Our management, including our general partner’s Chief Executive Officer and Chief Financial Officer, does not expect that our disclosure controls and procedures (as defined in Rules 13a - 15(e) and 15d - 15(e) of the Securities Exchange Act) (Disclosure Controls) or our internal control over financial reporting (Internal Controls) will prevent all errors and all fraud. A control system, no matter how well conceived and operated, can provide only reasonable, not absolute, assurance that the objectives of the control system are met. Further, the design of a control system must reflect the fact that there are resource constraints, and the benefits of controls must be considered relative to their costs. Because of the inherent limitations in all control systems, no evaluation of controls can provide absolute assurance that all control issues and instances of fraud, if any, within Williams Partners L.P. have been detected. These inherent limitations include the realities that judgments in decision-making can be faulty, and that breakdowns can occur because of simple error or mistake. Additionally, controls can be circumvented by the individual acts of some persons, by collusion of two or more people, or by management override of the control. The design of any system of controls also is based in part upon certain assumptions about the likelihood of future events, and there can be no assurance that any design will succeed in achieving its stated goals under all potential future conditions. Because of the inherent limitations in a cost-effective control system, misstatements due to error or fraud may occur and not be detected. We monitor our Disclosure Controls and Internal Controls and make modifications as necessary; our intent in this regard is that the Disclosure Controls and Internal Controls will be modified as systems change and conditions warrant.
Evaluation of Disclosure Controls and Procedures
An evaluation of the effectiveness of the design and operation of our Disclosure Controls was performed as of the end of the period covered by this report. This evaluation was performed under the supervision and with the participation of our management, including our general partner’s Chief Executive Officer and Chief Financial Officer. Based upon that evaluation, our general partner’s Chief Executive Officer and Chief Financial Officer concluded that these Disclosure Controls are effective at a reasonable assurance level.
Changes in Internal Control Over Financial Reporting
On February 2, 2015, Williams Partners L.P. and Access Midstream Partners, L.P. completed their merger.
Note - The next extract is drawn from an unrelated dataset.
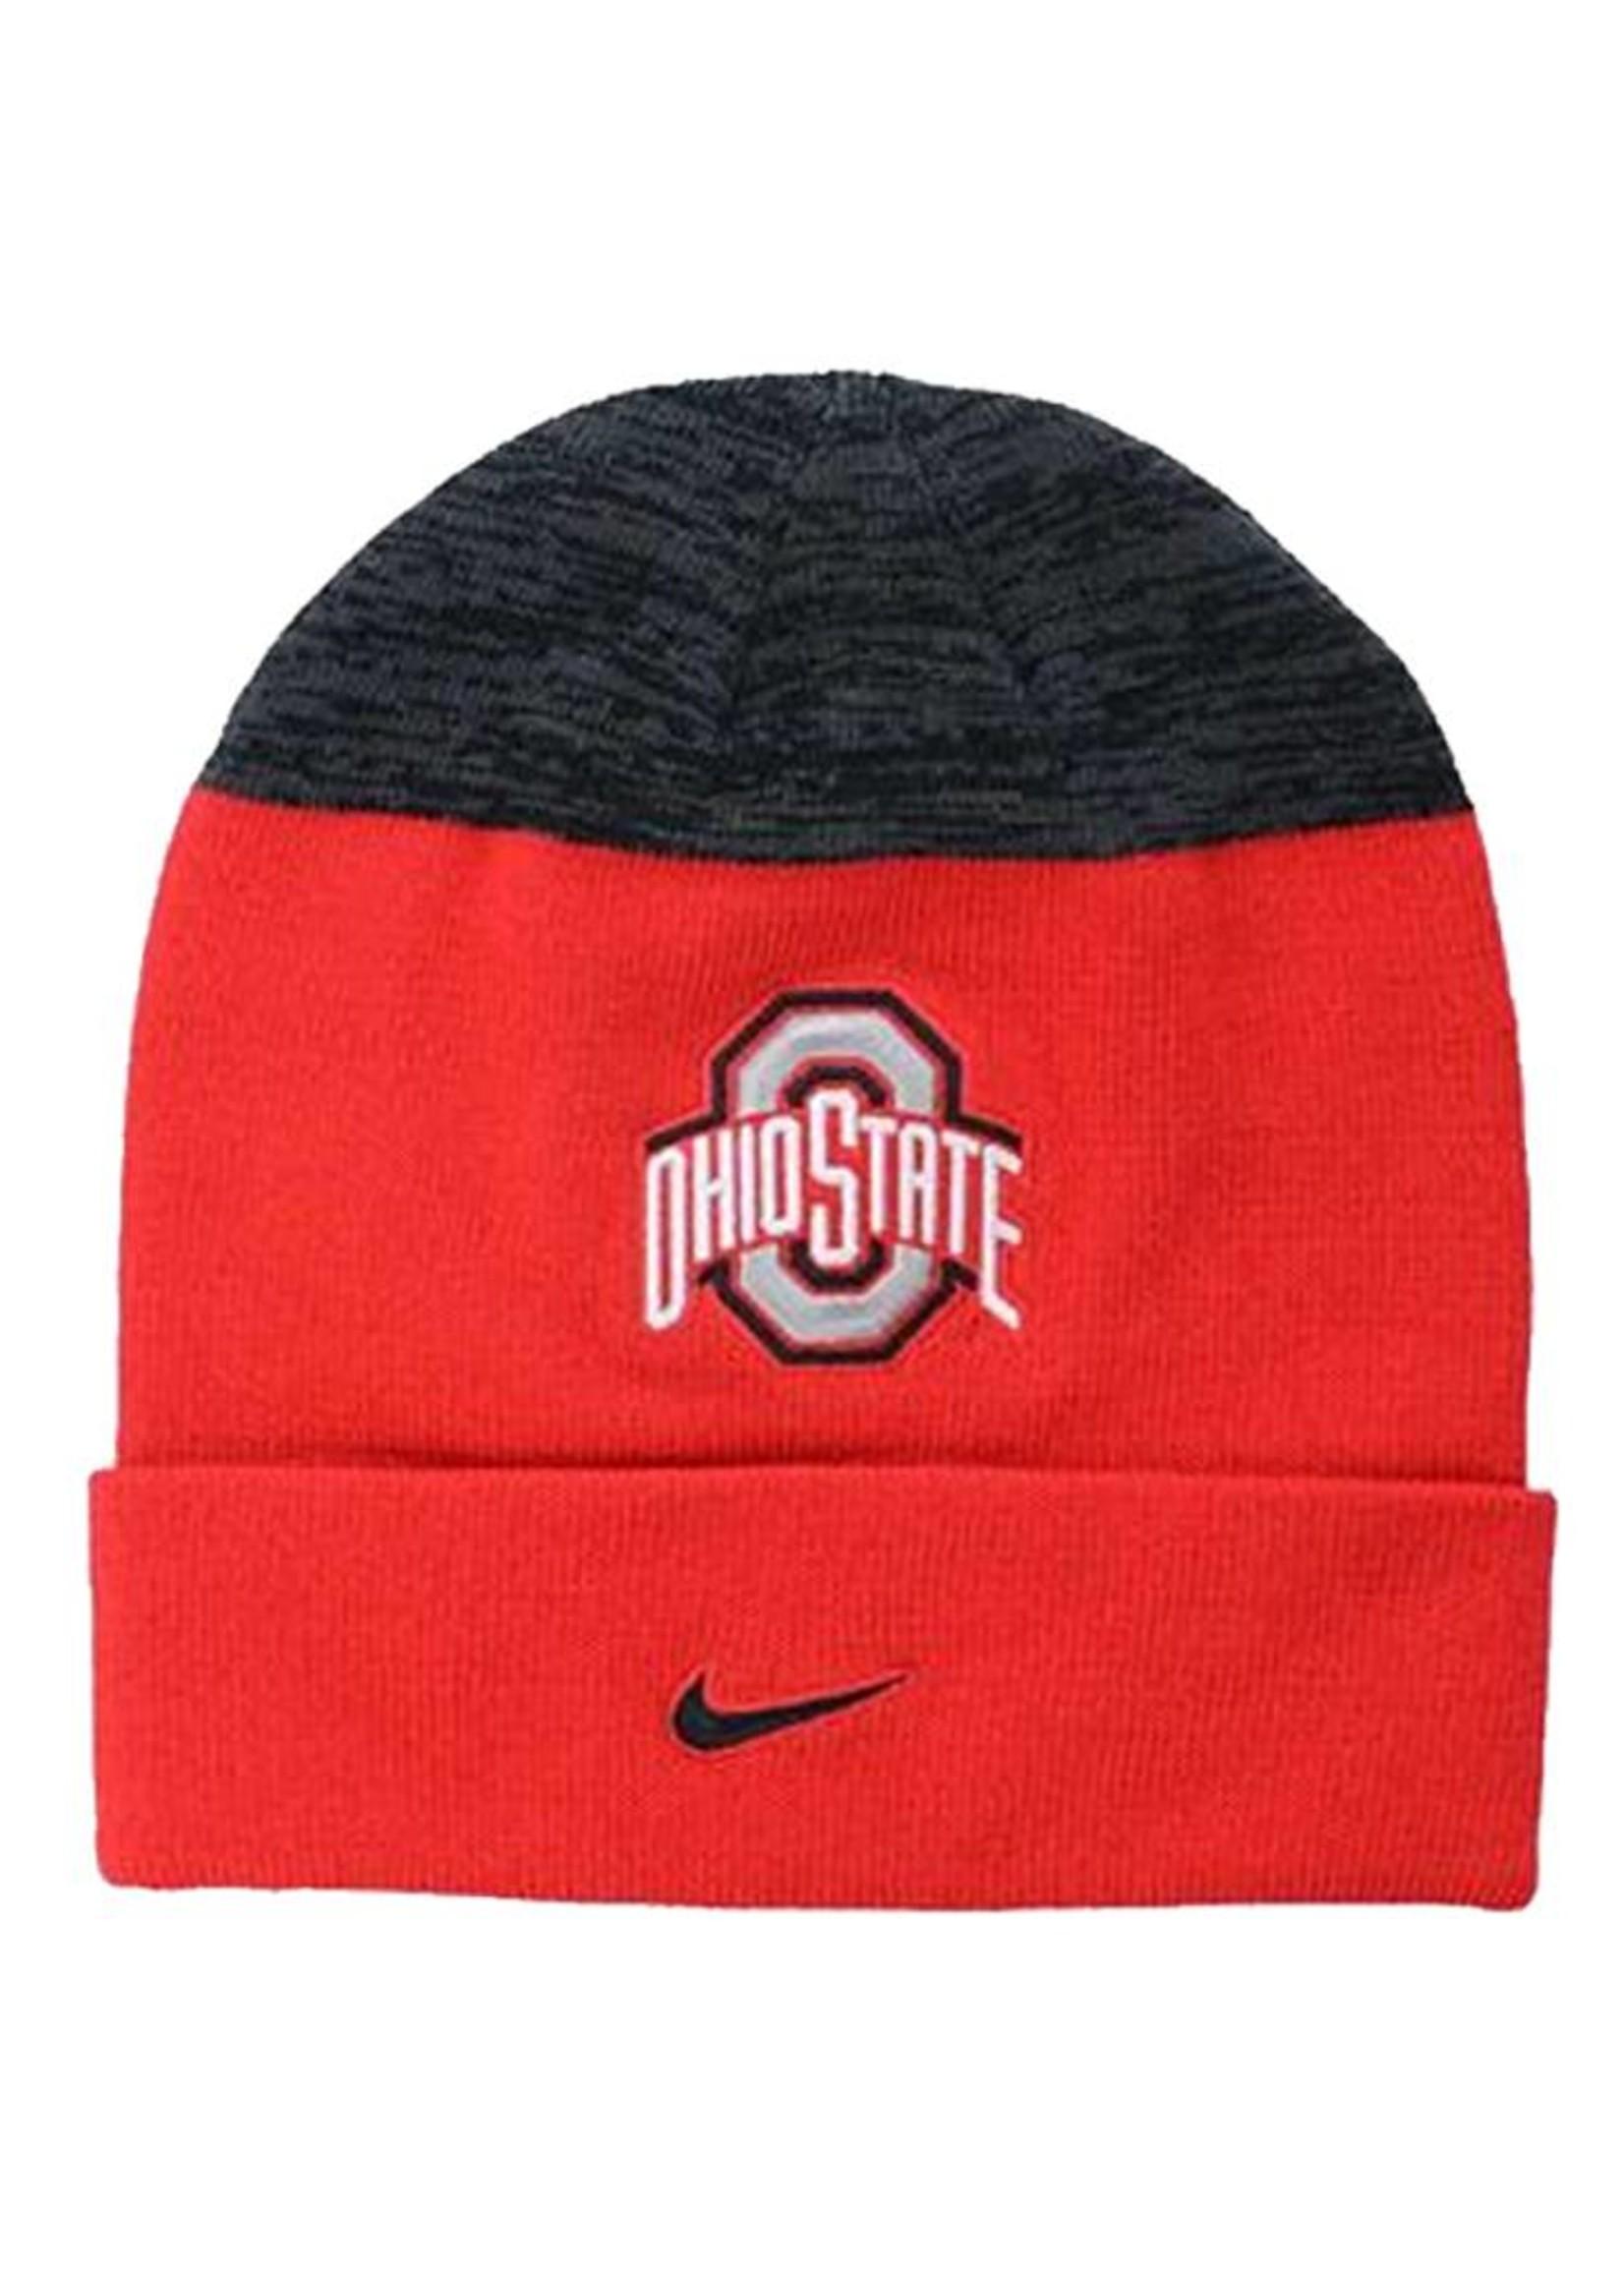 Nike Ohio State Buckeyes Sideline Beanie - Youth

As a result of the merger, certain controls have been consolidated. We expect to continue to integrate the businesses, processes, systems and related controls in future periods. Other than the changes that resulted from the merger, there have been no changes during the first quarter of 2015 that materially affected, or are reasonably likely to materially affect, our Internal Control over Financial Reporting.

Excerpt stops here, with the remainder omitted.